Doppelganger: Petualangan Detektif Frans
Dariku untukmu, Frans!


__ADS_3

“Dalam dunia ini tidak ada yang tidak mungkin, begitu pula dalam dunia detektif. Semuanya bisa saja terjadi. Aku telah banyak membaca cerita dengan genre fiksi detektif seperti kisah Dupin karya dari Edgar Allan Poe yang gaya ceritanya berbalut mistis. Kisah Sherlock Holmes karya Sir Arthur Conan Doyle yang penuh kejadian besar, tak jarang membuatku mengerutkan kening untuk menggali maksud dari kisah yang disajikan. Tidak lupa juga kisah-kisah menakjubkan karya Agatha Cristhie yang begitu melegenda. Sukses membuatku menghabiskan lembar demi lembar karyanya.”


“Benar, Frans. Cerita misteri yang bagus menurutku adalah cerita yang dapat membuat pembaca berpikir bahkan menebak-nebak hingga membuat spekulasi sendiri. Pada dasarnya misteri harus menimbulkan pertanyaan. Aku merasa senang kalau ada dari pembaca yang membaca tulisanku membuat kesimpulan sendiri. Aku tidak merasa tersaingi atau dia ingin mendahului cerita yang aku buat, itu menurutku. Karena itulah kisah detektif selalu punya tempat sendiri di hati penggemarnya. Karya-karya detektif yang ditulis oleh penulis-penulis Indonesia juga tak kalah hebat. Sama halnya ketika dulu aku suka sekali menonton Detective Conan serta mengikuti manga atau komiknya. Saat sudah menginjak usia remaja, aku benar-benar menelusuri kisah-kisah lahirnya tokoh bernama Edogawa Conan tersebut.”

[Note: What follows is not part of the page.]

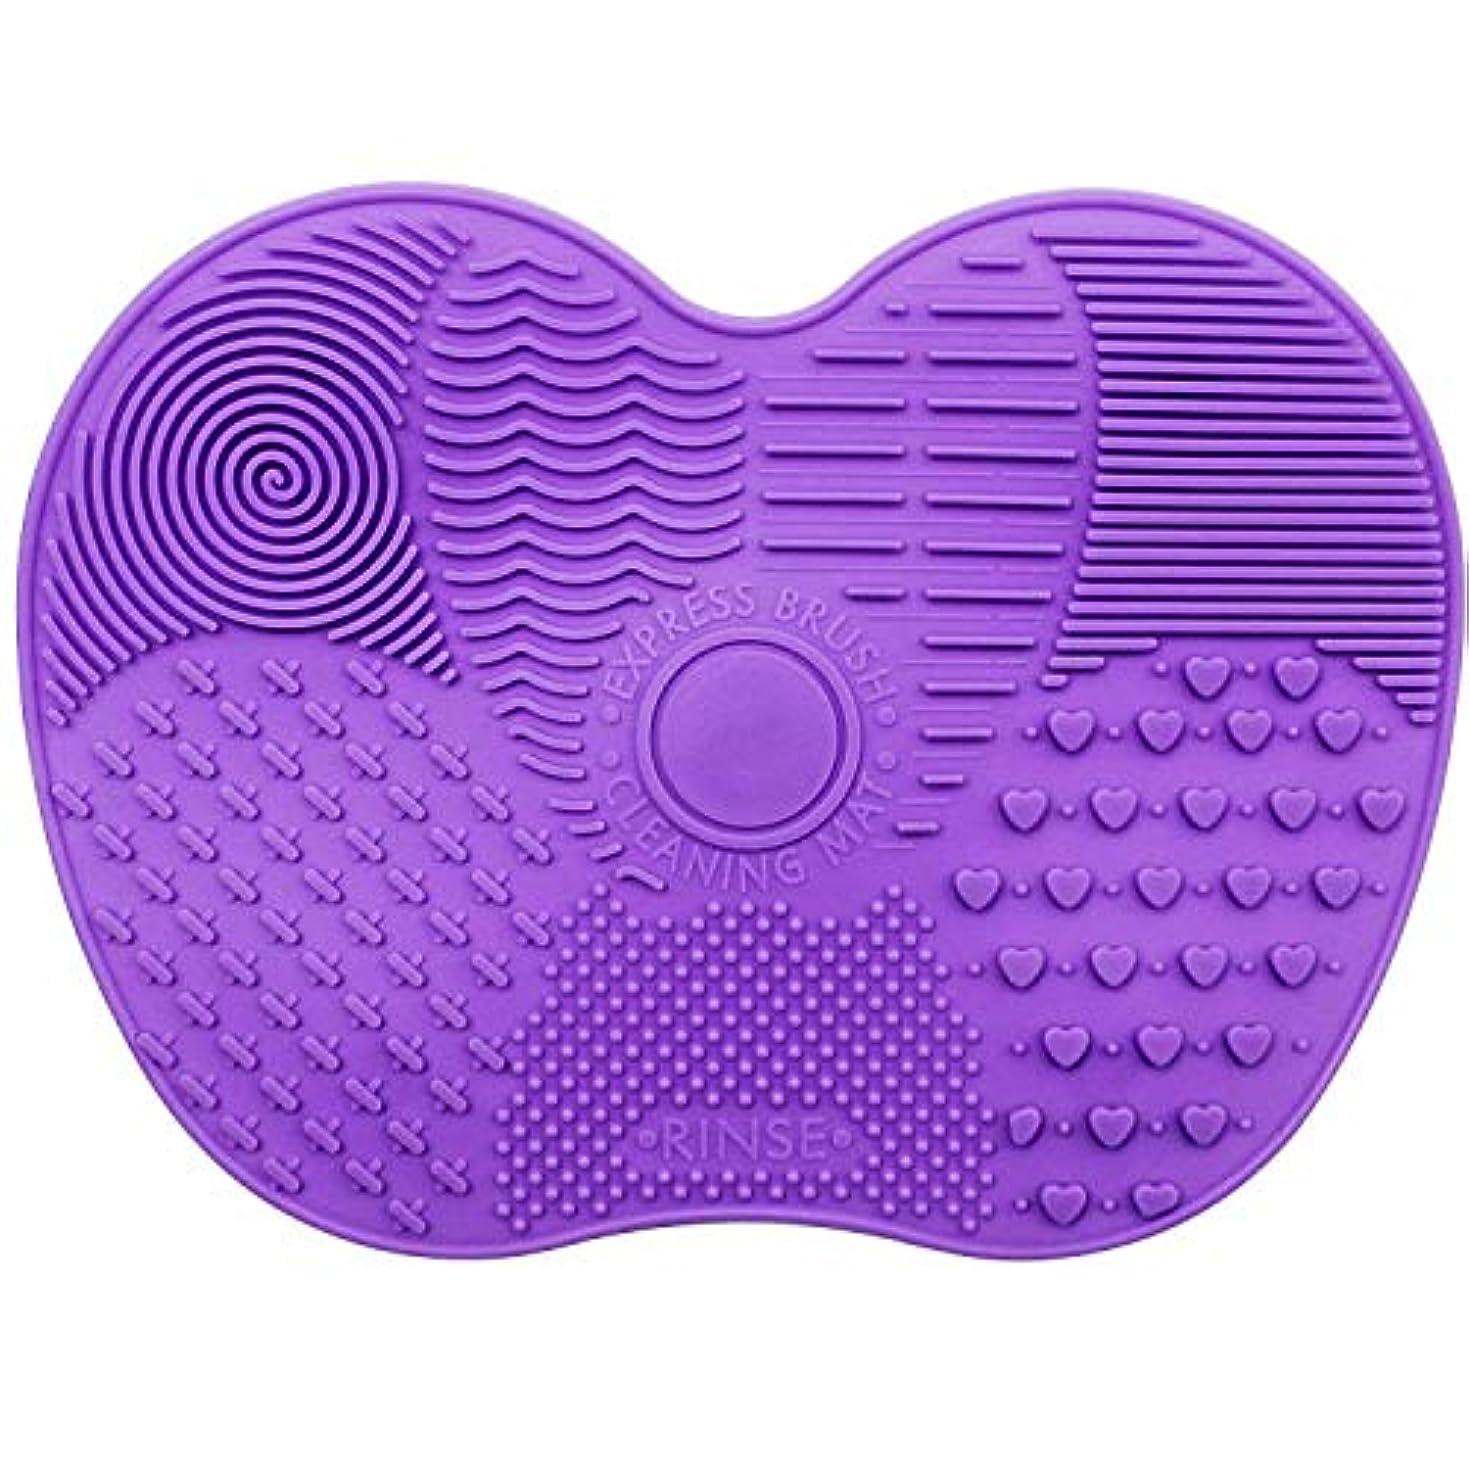 寛大な合図設計図Pichidr-JPメイクブラシ クリーナー シリコンマット化粧 洗浄 化粧筆 筆洗い(パープル)

“Menelusuri? Bisa kau jelaskan?” Frans mengunyah rotinya sambil memandangiku.


“Aku sempat membeli karya dari Edogawa Rampo yang berjudul Cermin Neraka serta menuntaskan semua karya Sir Arthur Conan Doyle. Ternyata Aoyama Ghoso sang mangaka dari Detective Conan menciptakan karakter Conan dari gabungan dua nama penulis legendaris tersebut. Tokoh Edogawa Conan diambil dari nama penulis besar tersebut, Edogawa Rampo atau sering dijuluki Bapak Cerita Misteri Jepang dan Sir Arthur Conan Doyle penulis Sherlock Holmes. Aoyama Ghoso menggabungkan nama dua penulis besar tersebut sehingga lahir menjadi karakternya yang bernama Edogawa Conan atau sering disebut Meitantei Conan (Detective Conan).”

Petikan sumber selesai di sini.